Almost, but she remembered that the produce markets in the Old City were closed this day, and what vendor would have been given an order for delivery? She crossed to the other side of the street, one hand to her pouch. The sound of grit against stone under her sandals sounded loud in her ears as she hurried past glass inlaid walls.
Only one more turn, she thought. On the grounds of my master, not even the Adders would dare follow.
As she turned into the laneway, the market vendor laid down her yoke and wiped her face, making a sign with her fingers. Two dark figures on the roof opposite stood; one lifted something with a metallic glitter.

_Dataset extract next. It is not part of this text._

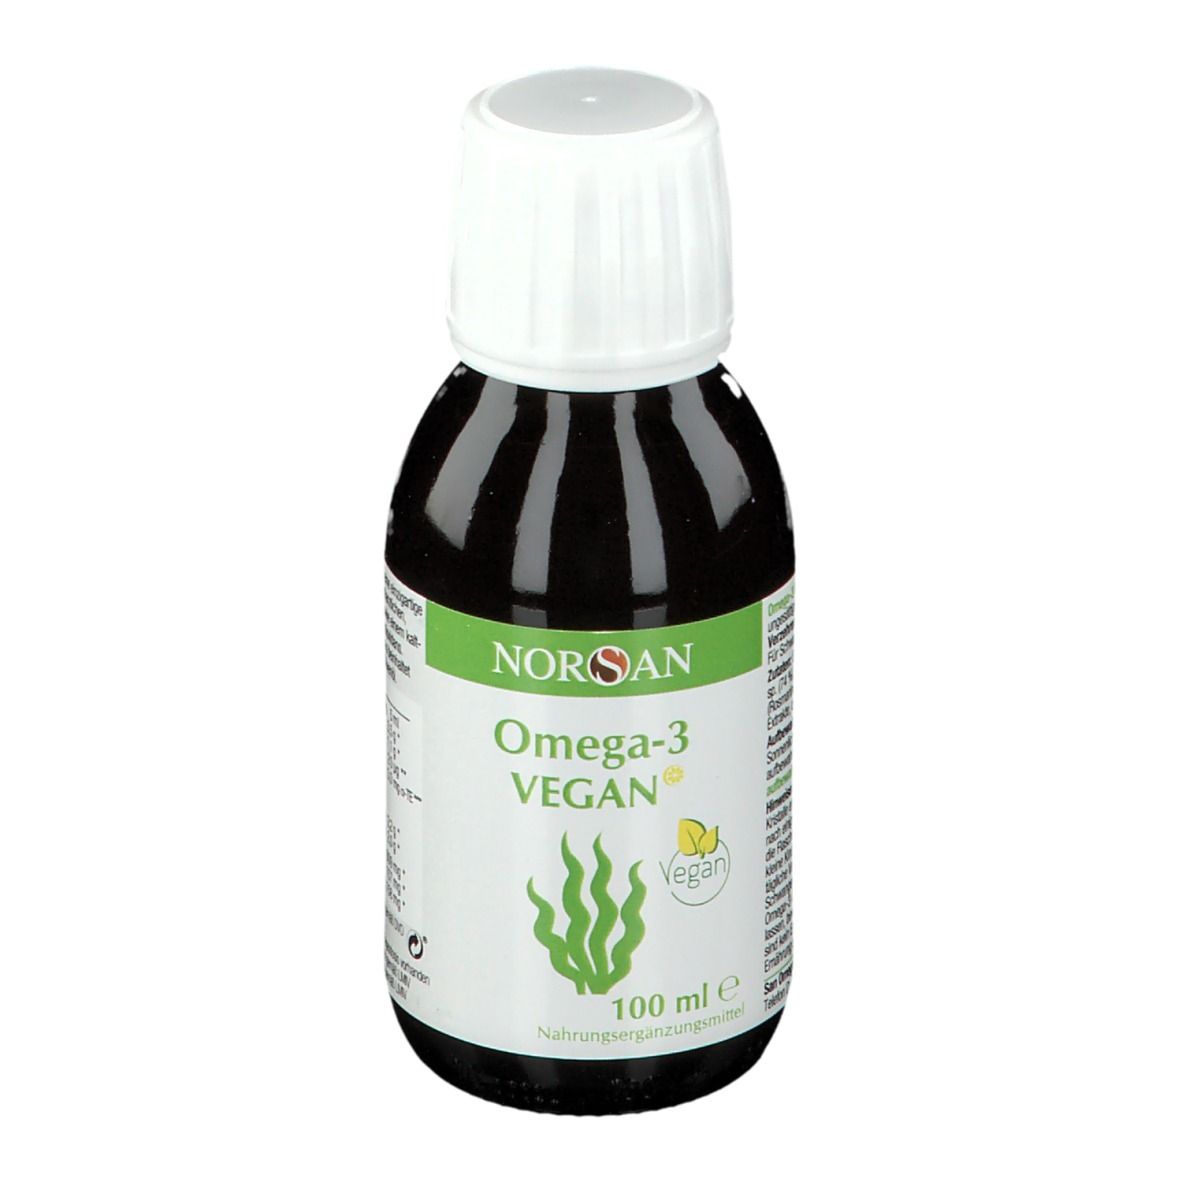 NORSAN Omega-3 Vegan - Algenöl 100 ml - SHOP APOTHEKE

Milampo’s servant felt only an enormous blow beneath her shoulder blades. The huge impact threw her forward onto her face; it was when she tried to rise that the pain began. She moaned and felt a bubble of wetness break on her lips. It ran down her chin and dropped to the dusty pavement, bright red in the morning sun, one more droplet among so many shed that morning.
It was impossible to breathe. She struggled, forcing her lungs open against the wet tearing within, and crawled. One pace, two. Her hand pulled the belt pouch free from its thongs. The toss was weak, and the pouch landed a pace short of the doorkeeper’s alcove.
“Hearing ... and obeying ... Master,” she whispered. And there was a long night’s falling into emptiness.
Megan hit the ground just behind Shkai’ra, saying, “Wait, now you should see to that hand now that we have a sec—” when she felt it. She reached out and caught Shkai’ra’s wrist, in a suddenly urgent grip.
It was a tickle in the back of her mind. An elusive whiff of power coiled somewhere in this place like the delicate sound of a color or the scent of a song. “There is power here.” She turned this way and that but could not pinpoint the source of disturbance. “Such power ...” she whispered.
Shkai’ra bared her teeth and glanced around. The expression was not a smile. “Spook pushers,” she said, very softly. “Oh, I don’t like spook pushers. Never trust a shaman—the truest thing the Ancestors ever said.” She didn’t see Megan’s sideways look.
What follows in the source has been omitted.